Bund, Länder und die Kommunalen
 Spitzenverbände wollen sich zügig über
 eine Neuordnung der Gemeindefinanzen
 verständigen. Dazu wurde eine
 Gemeindefinanzkommission eingerichtet,
 die bis zum Herbst ein tragfähiges
Ergebnis vorlegen soll.

Hierzu erklären die Vorsitzenden der CDU-Ratsfraktionen der großen Städte (über 200.000 Einwohner) aus dem Ruhrgebiet: „Der erste Schritt ist getan, das Problem ist in Düsseldorf und Berlin erkannt. Das Thema „Kommunalfinanzen“ steht auf der Tagesord-nung und wird gemeinsam angepackt. Wir brauchen ein Sofortprogramm, um die Mehrbelastungen durch die Kosten der Unterkunft im Rahmen der Hartz IV-Gesetzgebung, der Grundsicherung und der Eingliederungshilfe schultern zu können. Das Konnexitätsprinzip muss dabei strikte Anwendung finden.
Es ist erforderlich, dass strukturschwache Städte, wie die Ruhrgebietsstädte, von den Zahlungen in den Fonds Deutsche Einheit ausgenommen werden, weil ihre objektiven Vergleichszahlen nicht besser als in vielen ostdeutschen Städten sind. Zudem werden die Beiträge in den Ruhrgebietsstädten inzwischen fast ausnahmslos über Kassenkredite finanziert.
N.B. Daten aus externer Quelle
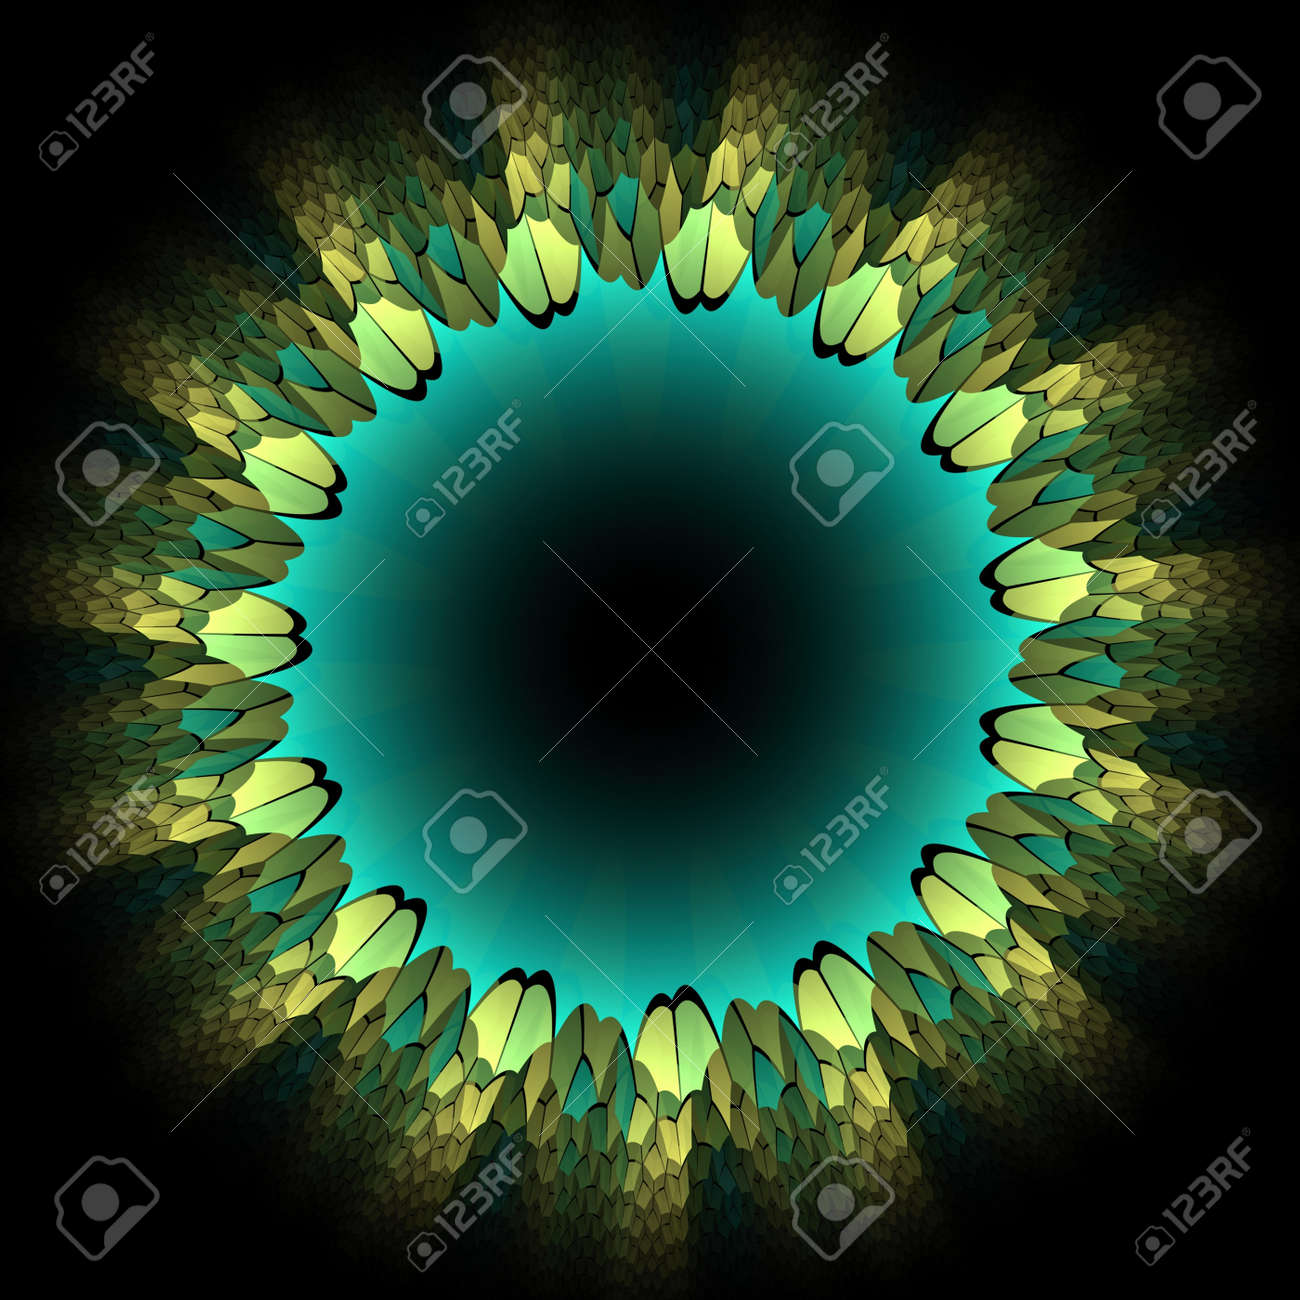 Flower petals abstract flame fractal design border or frame Stock Photo - 13848844
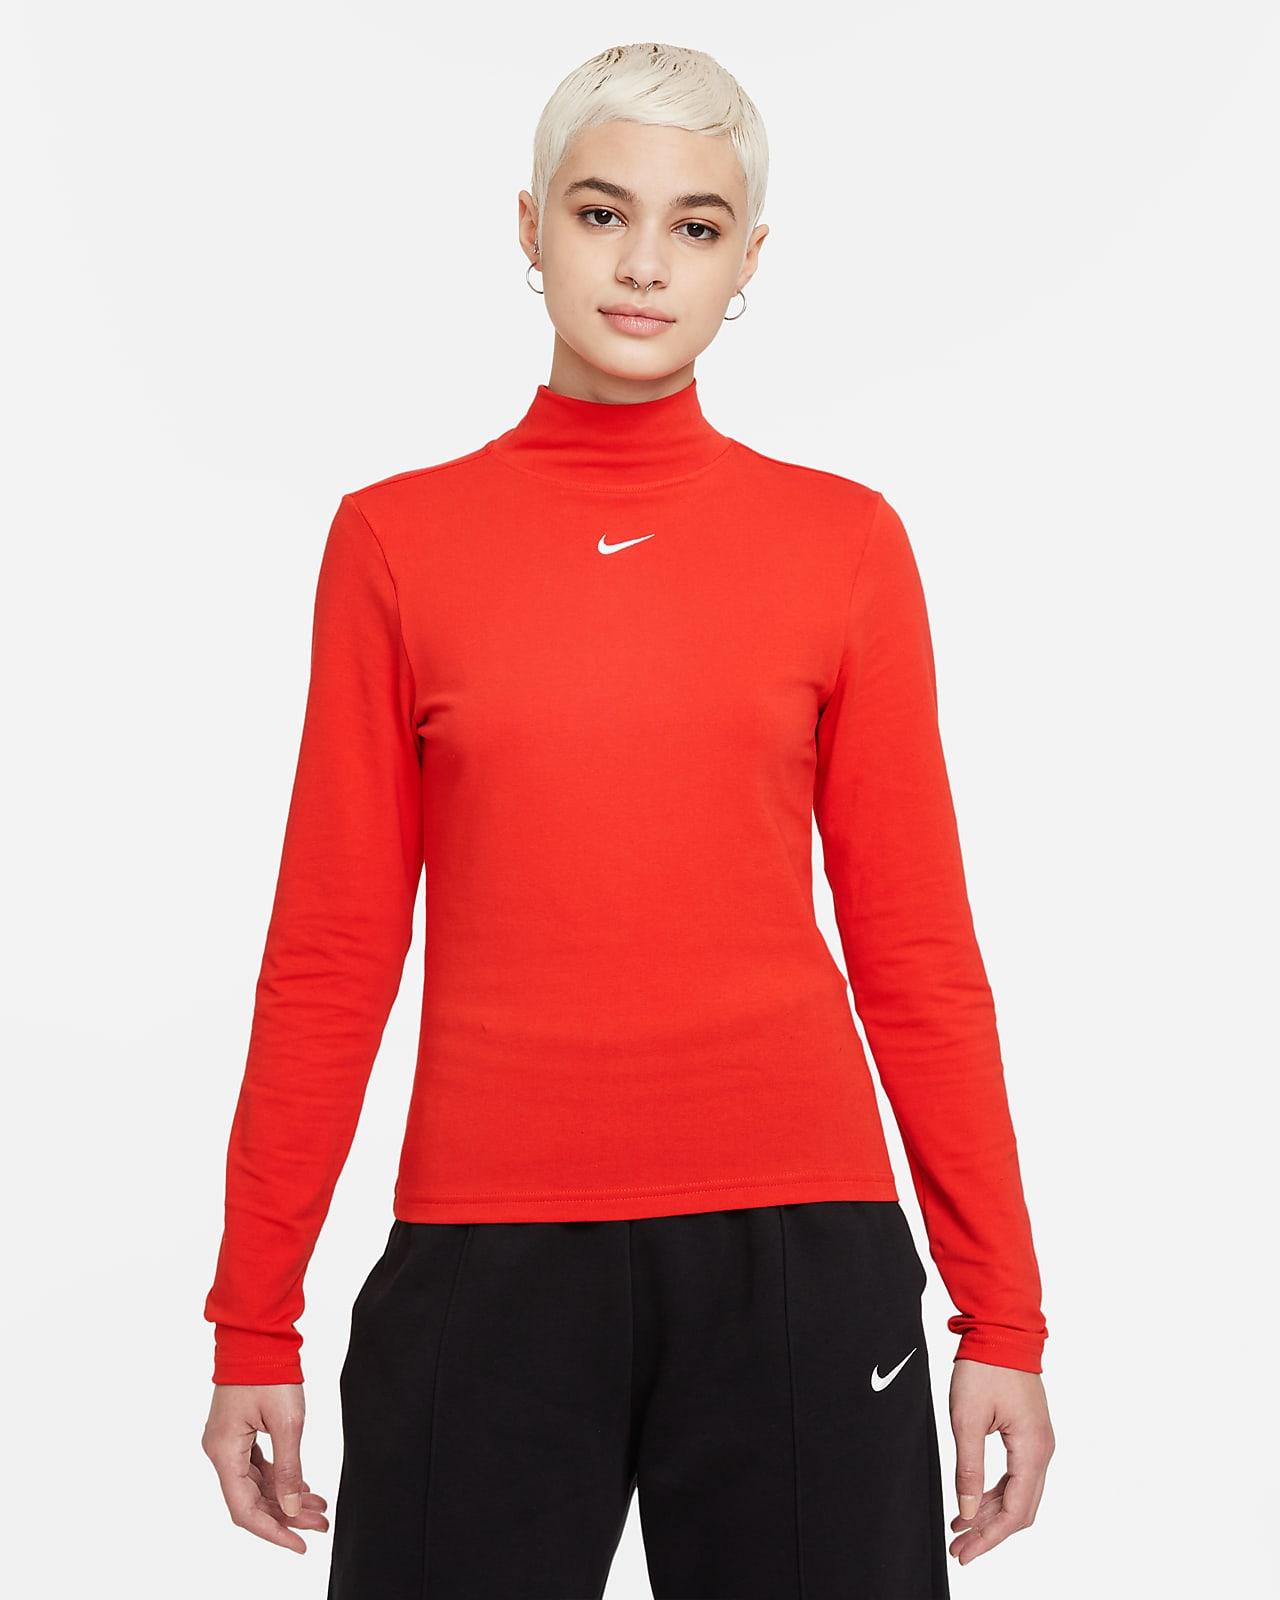 Nike Sportswear Collection Essentials Women's Long-Sleeve Mock Top

Weiter benötigen die Kommunen endlich eine verlässlichere Einnahmequelle. Das eigene Hebesatzrecht der Kommunen muss erhalten bleiben, ist aber zur Gesamtfinanzierung der Städte und Gemeinden nicht ausreichend.“
Aus eigener Kraft können sich die Kommunen aus der mittlerweile unüberschaubaren Finanzsituation der Ruhrgebietsstädte nicht mehr befreien. Aus diesem Grund muss die Kommunale Familie auf die übergeordneten Ebenen zurückgreifen.
Mit den Kommunalfinanzen wird sich die CDU auch auf dem nächsten Landesparteitag intensiv befassen.
Die sechs CDU-Fraktionen betonen, dass starke leistungsfähige Städte zum subsidiären Aufbau der Bundesrepublik Deutschland dazugehören. Wenn Kommunen politisch hand-lungsunfähig werden, beschädigt das letztendlich die Demokratie in Deutschland.
Am Freitag, 12. März 2010, werden die Vorsitzenden und die Geschäftsführer der CDU-Fraktionen der großen Städte in Berlin zu einem Gespräch mit der CDU-Bundesvorsitzenden Bundeskanzlerin Angela Merkel zusammenkommen.